Mark Weisbrot – No país vizinho, escondido pela mídia, outro sinal de como fracassam as políticas de “corte de gastos”. Pobreza explodiu, inflação passa de 60% e, apesar de empréstimo gigante do FMI, país pode afundar em nova crise cambial.
Agora, 31,3% da população argentina vive em situação de “pobreza multidimensional”. Desde a posse de Macri, e a volta das políticas neoliberais, dois cidadãos caíram, por minuto, abaixo do nível necessário para sobreviver em dignidade material
A economia argentina declinou 6,2% no quarto trimestre de 2018. O retrocesso ocorreu no período em que o país recebeu 56 bilhões de dólares do Fundo Monetrário Internacional – o maior empréstimo deste tipo na história do FMI. Estima-se que a inflação supere os 40% este ano, mas os salários crescerão apenas a metade. Mauricio Macri, o presidente conservador-neoliberal da Argentina, tenta concorrer à reeleição em outubro. Mas à medida em que economia continua a naufragar, é improvável que obtenha um segundo mandato.

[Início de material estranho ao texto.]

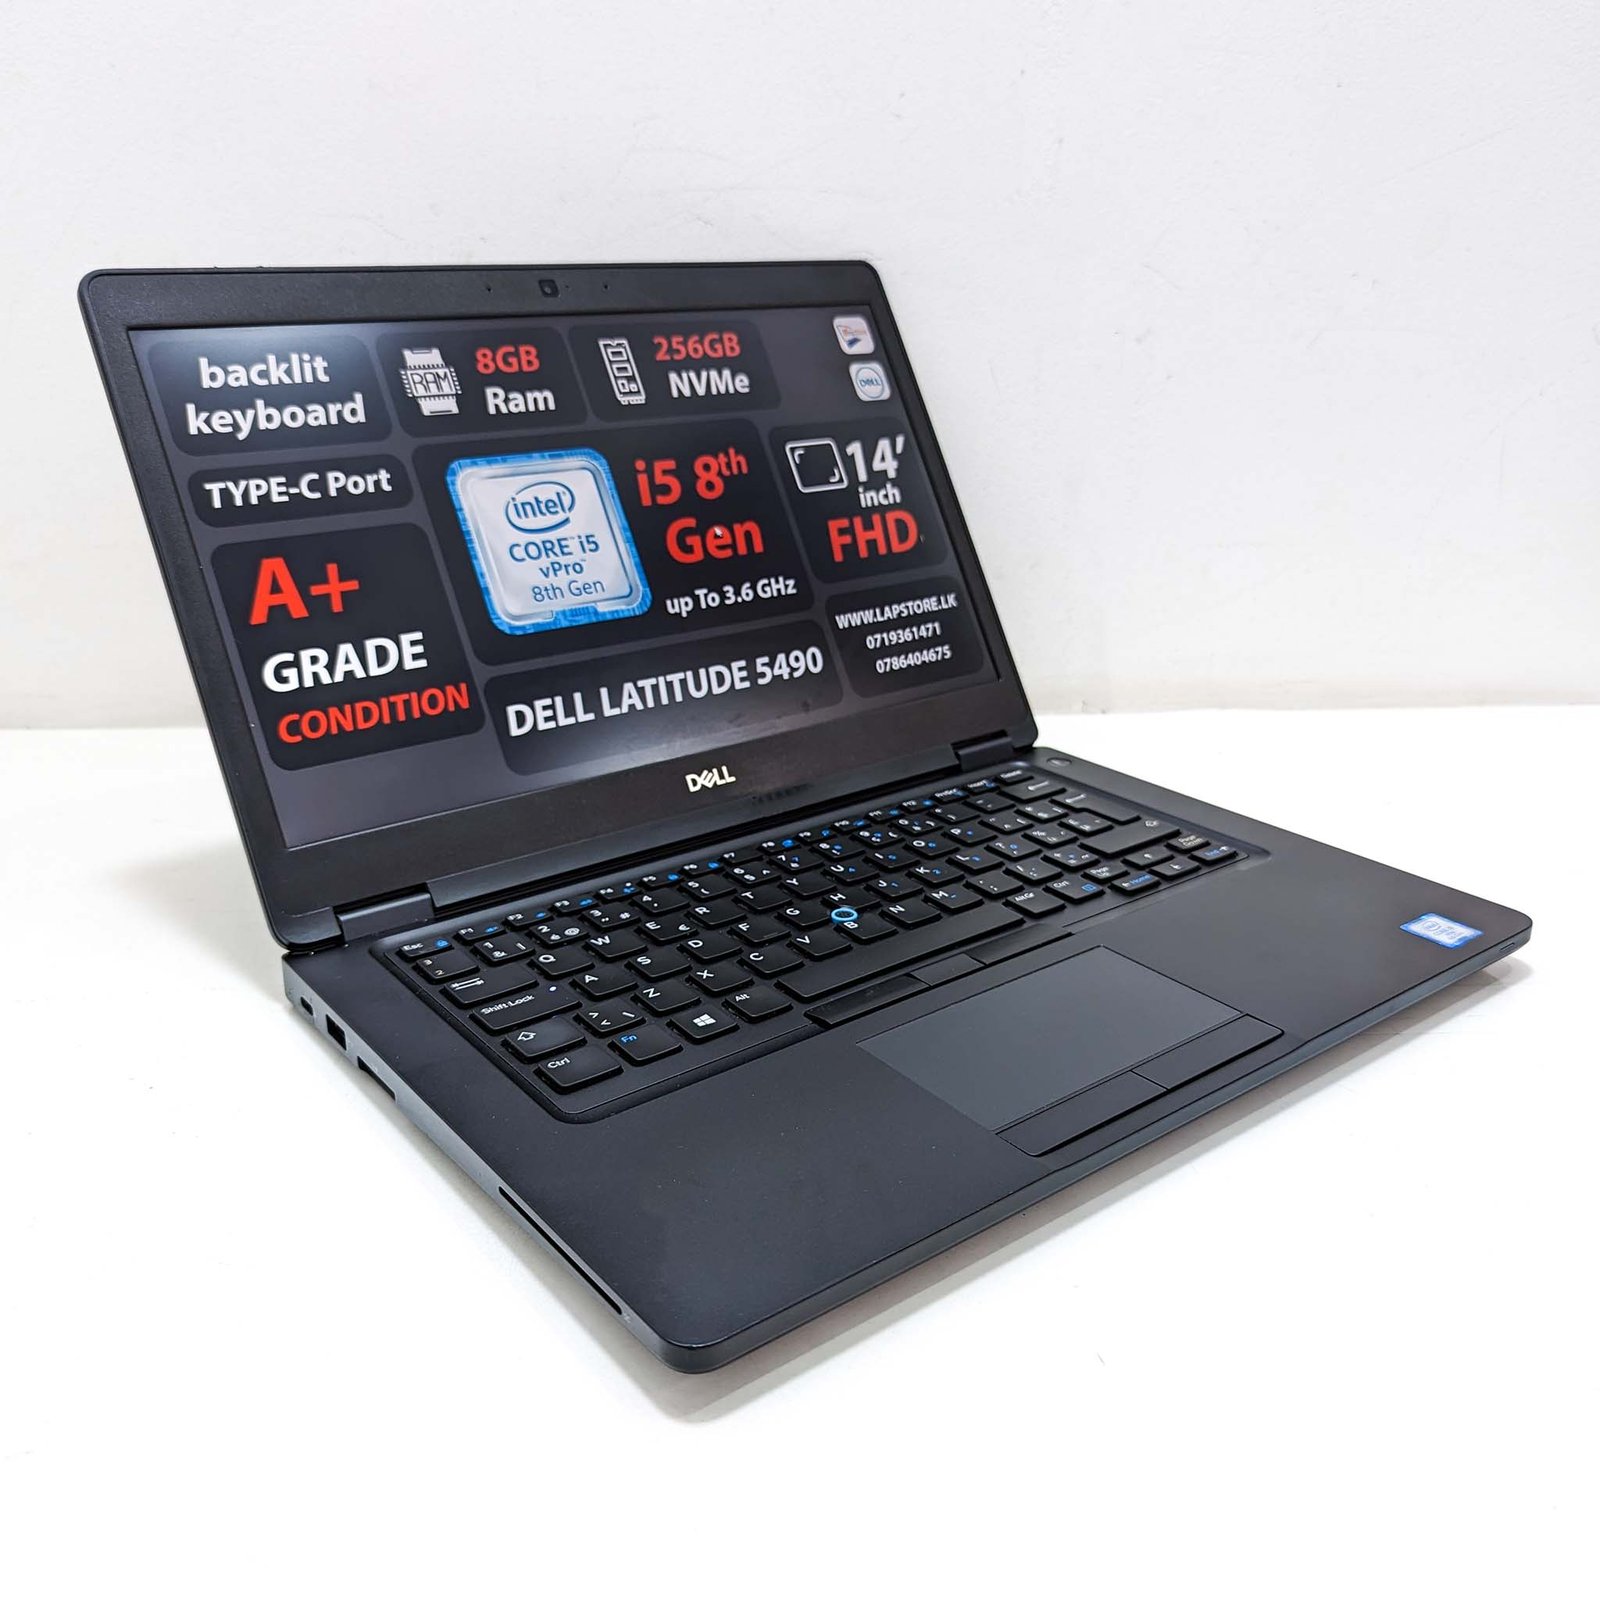 Dell (New) i5 8th Gen – E-5490 | 256GB + 8GB RAM Laptops

Mark Weisbrot, nosso entrevistado é co-diretor do Centro de Pesquisa Econômica e Política, o CEPR, localizado em Washington. É autor de “Failed: What the ‘Experts’ Got Wrong About the Global Economy [“Erraram: o que os “especialistas” não entenderam sobre a Economia Global”].
Conversamos pela última vez sobre a Argentina em dezembro. Desde então, parece que a economia do país está pior que as previsões pessimistas. O que ocorre? Por que a produção ainda está encolhendo?
Como você disse, espera-se que a inflação seja de 40%. Quando o FMI firmou acordo com o país, previa-se que ela fosse de 20% em 2019. Também se supunha que a economia estivesse crescendo agora, mas ela continua a encolher. Os números que você mencionou comparam o último trimestre daquele ano com o mesmo período do ano anterior. Tudo está piorando.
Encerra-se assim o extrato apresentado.